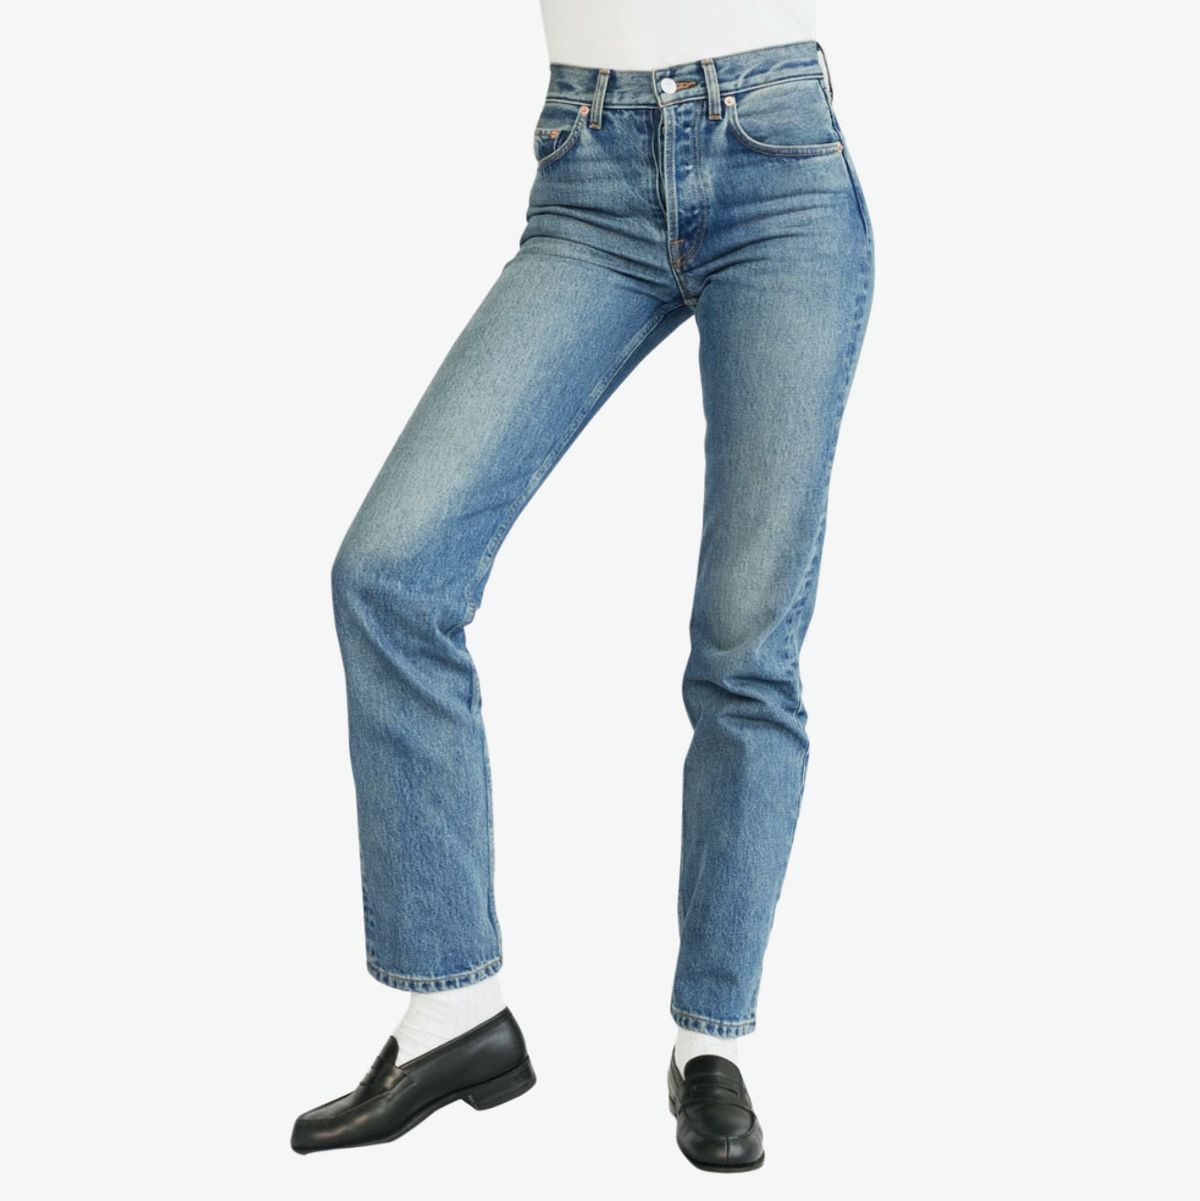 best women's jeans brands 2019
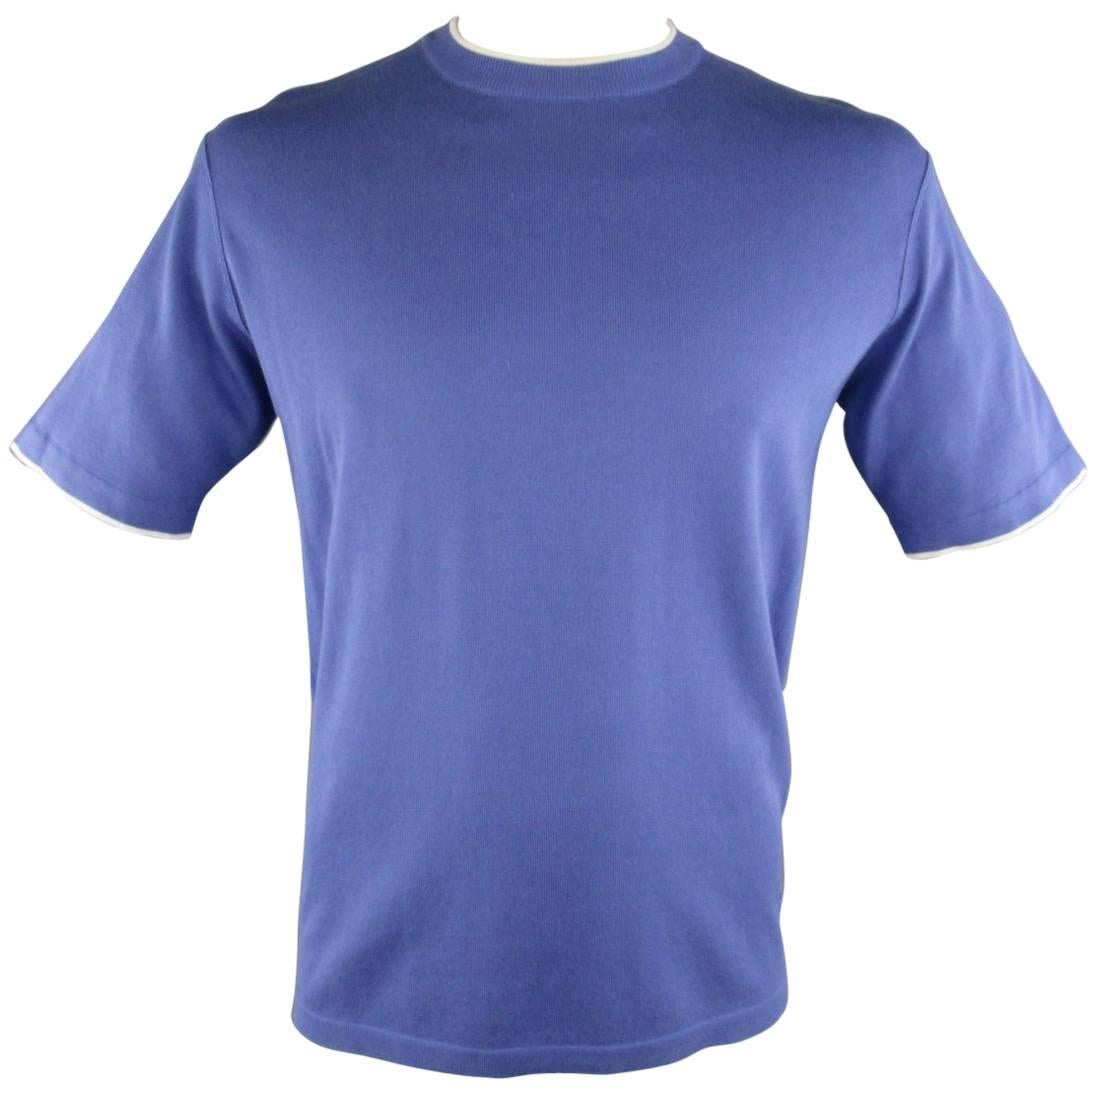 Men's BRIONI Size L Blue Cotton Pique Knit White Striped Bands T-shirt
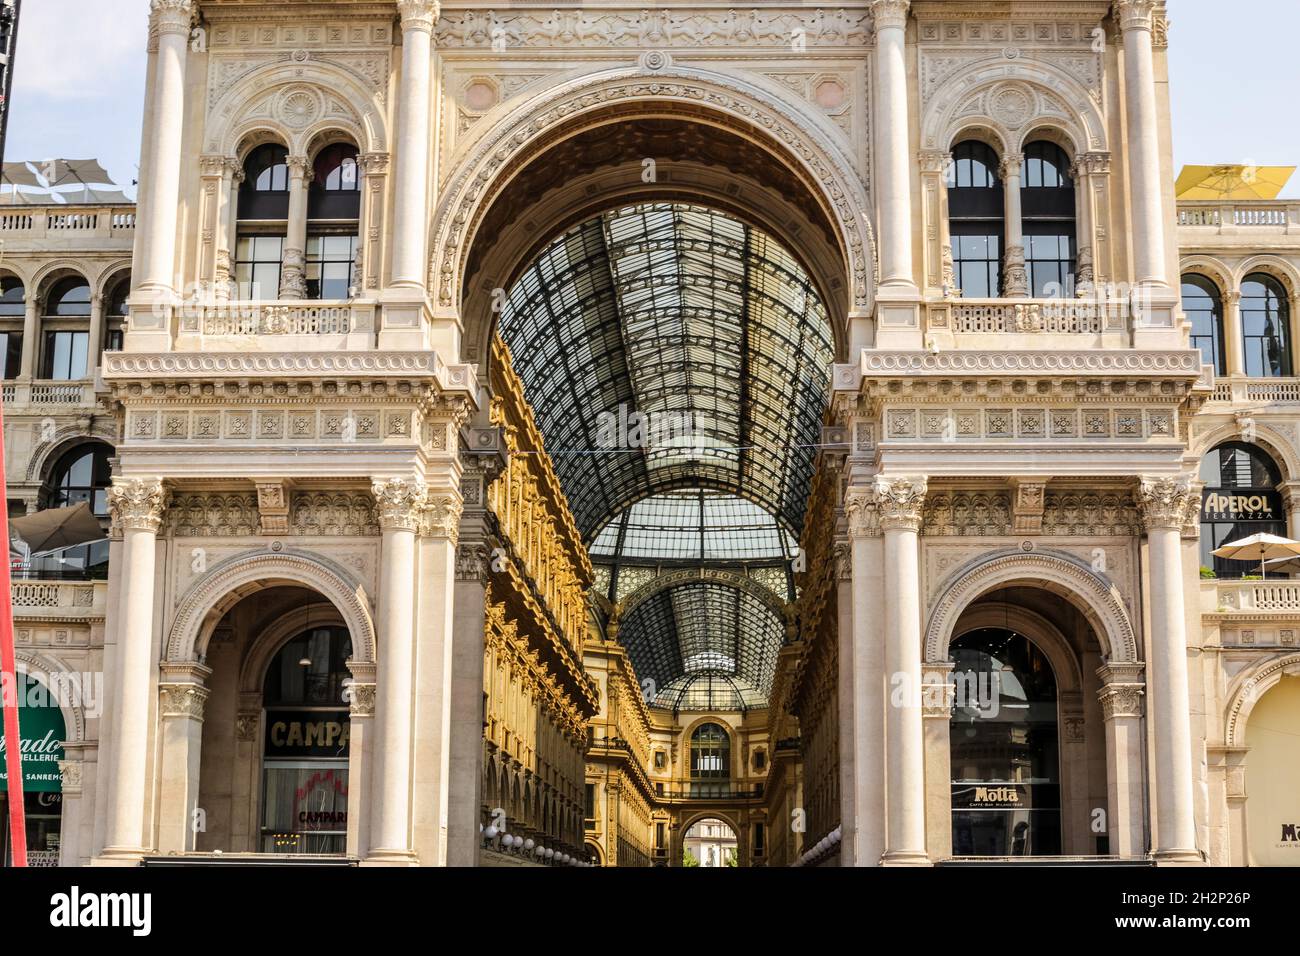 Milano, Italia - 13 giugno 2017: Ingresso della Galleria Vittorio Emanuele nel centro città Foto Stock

* * *

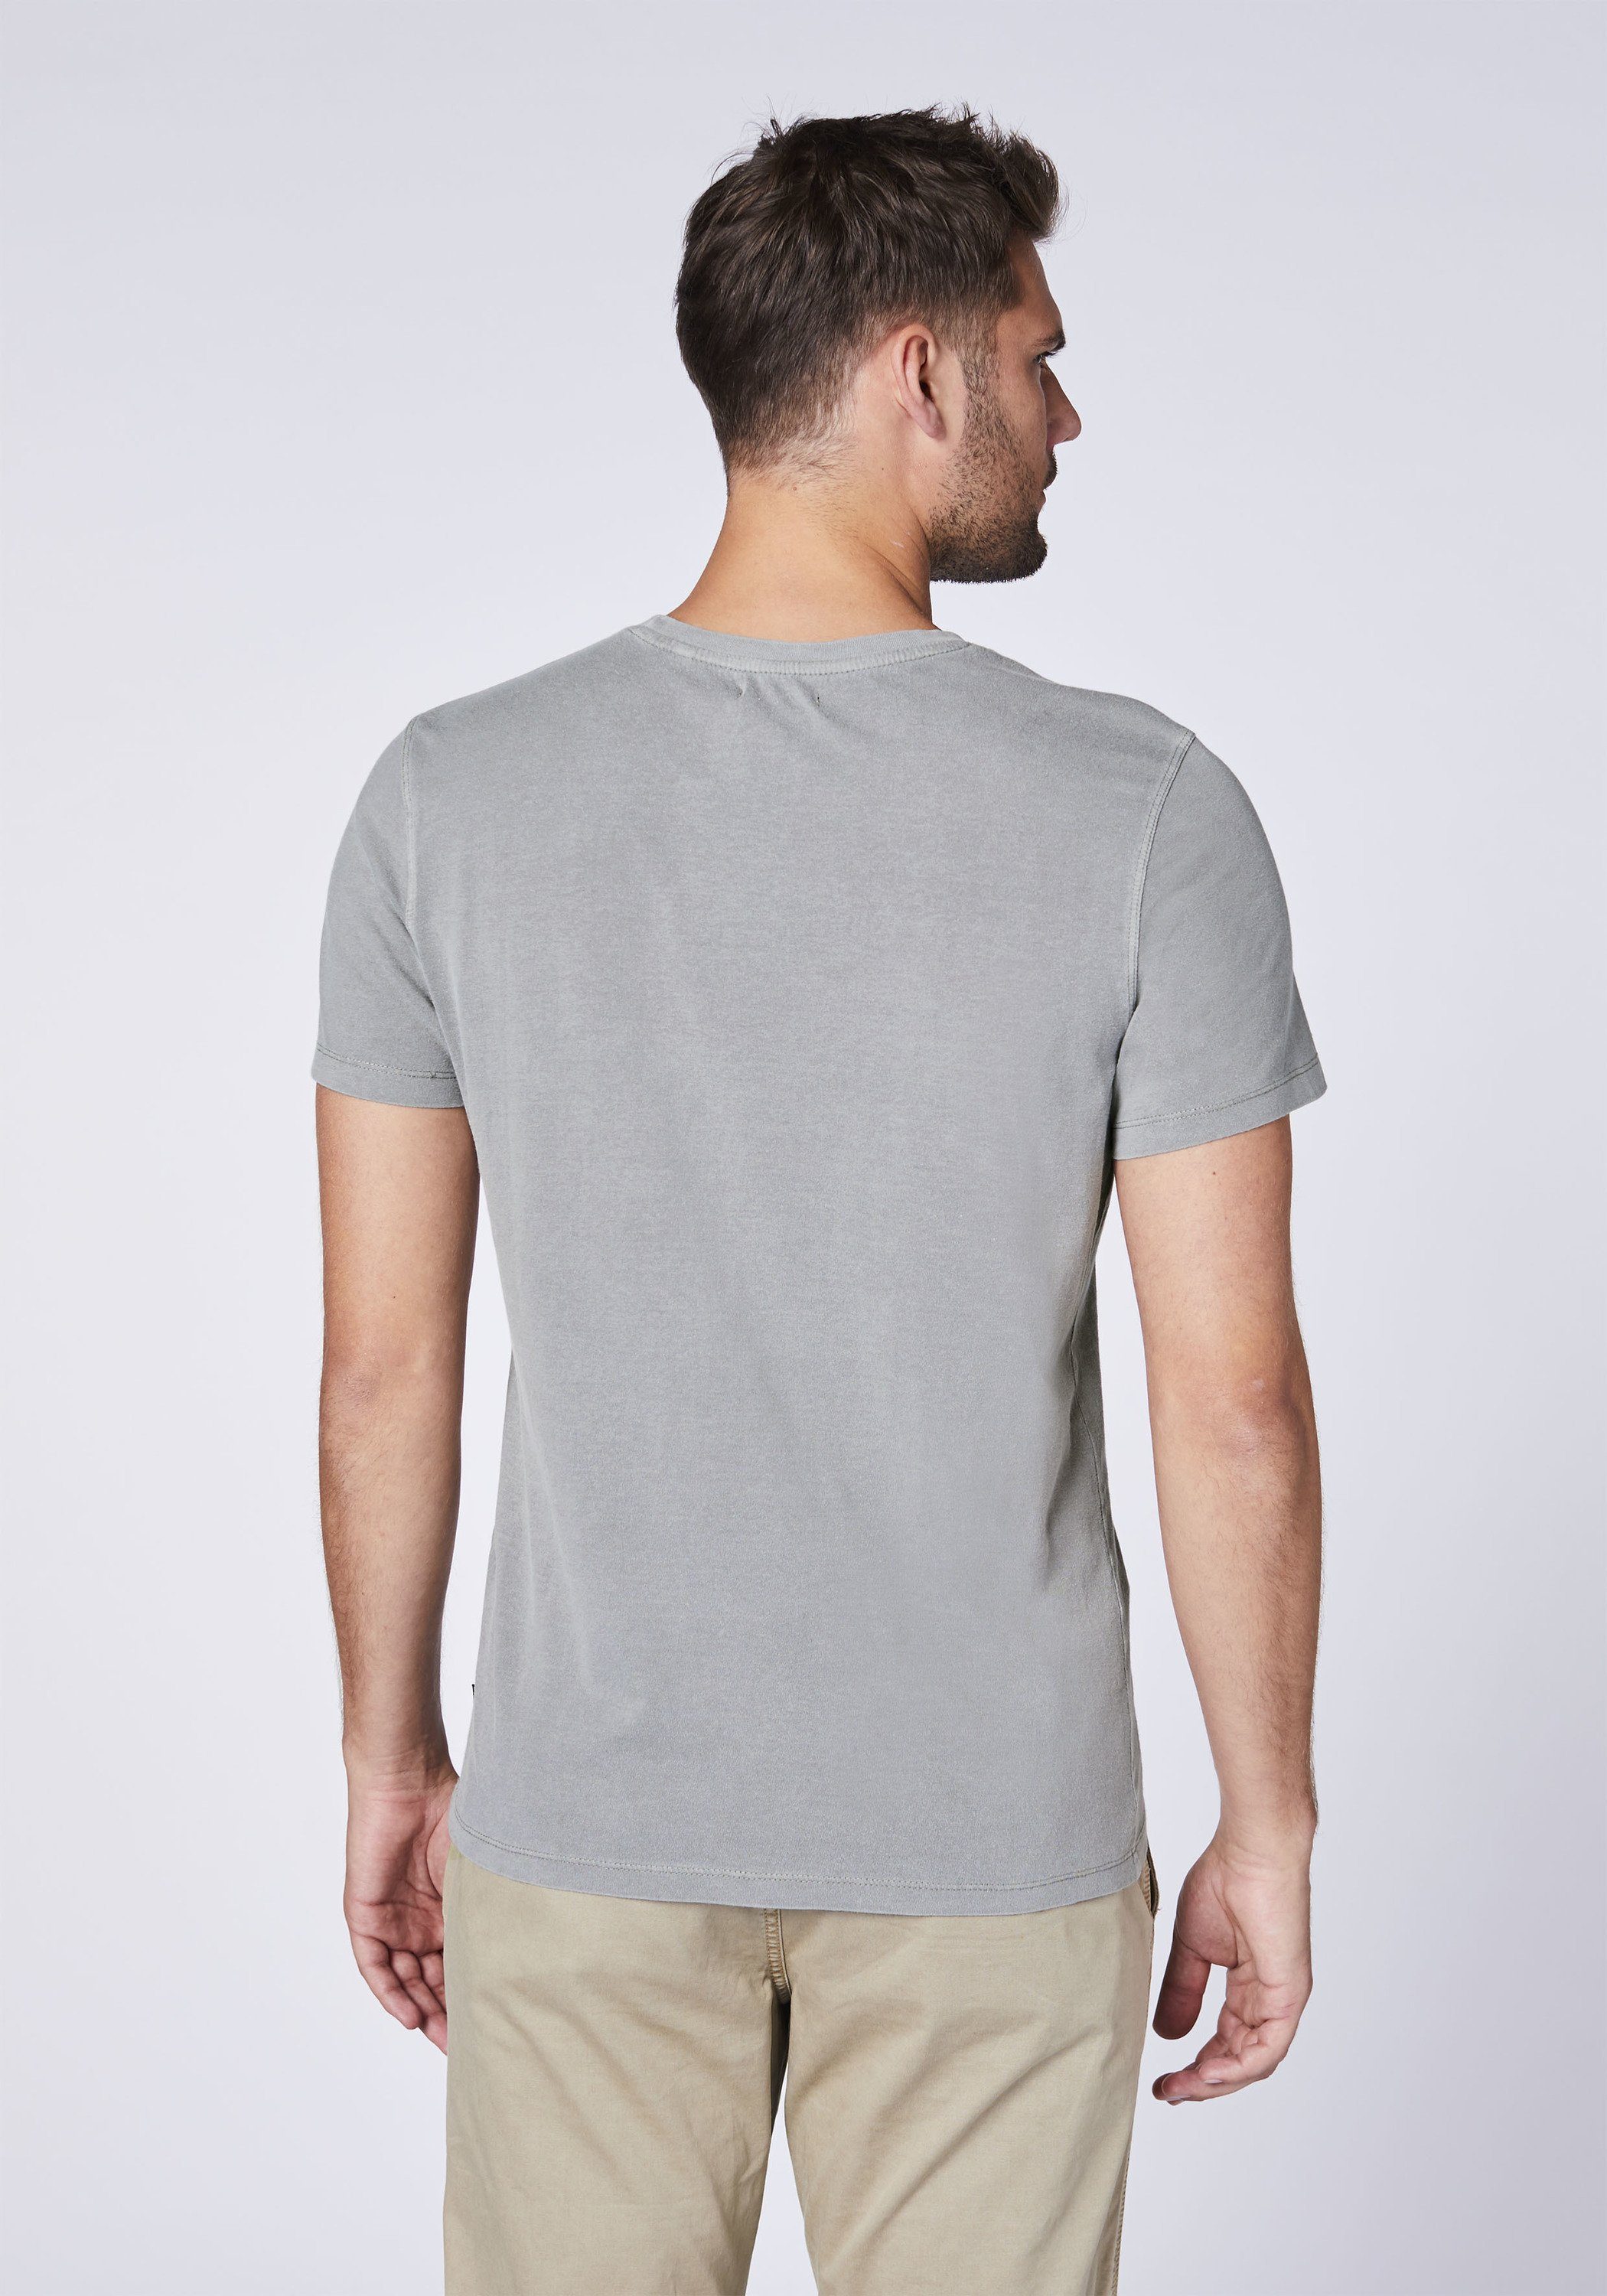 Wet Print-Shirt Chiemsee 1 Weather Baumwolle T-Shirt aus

§ **Problem statement**: Copy exactly the lines of the listing above between the one holding "best women's jeans brands 2019" and the one holding "Milano, Italia - 13", inclusive; omit all pictures.

§ **Response area**:
 best women's jeans brands 2019
 Men's BRIONI Size L Blue Cotton Pique Knit White Striped Bands T-shirt
 Milano, Italia - 13 giugno 2017: Ingresso della Galleria Vittorio Emanuele nel centro città Foto Stock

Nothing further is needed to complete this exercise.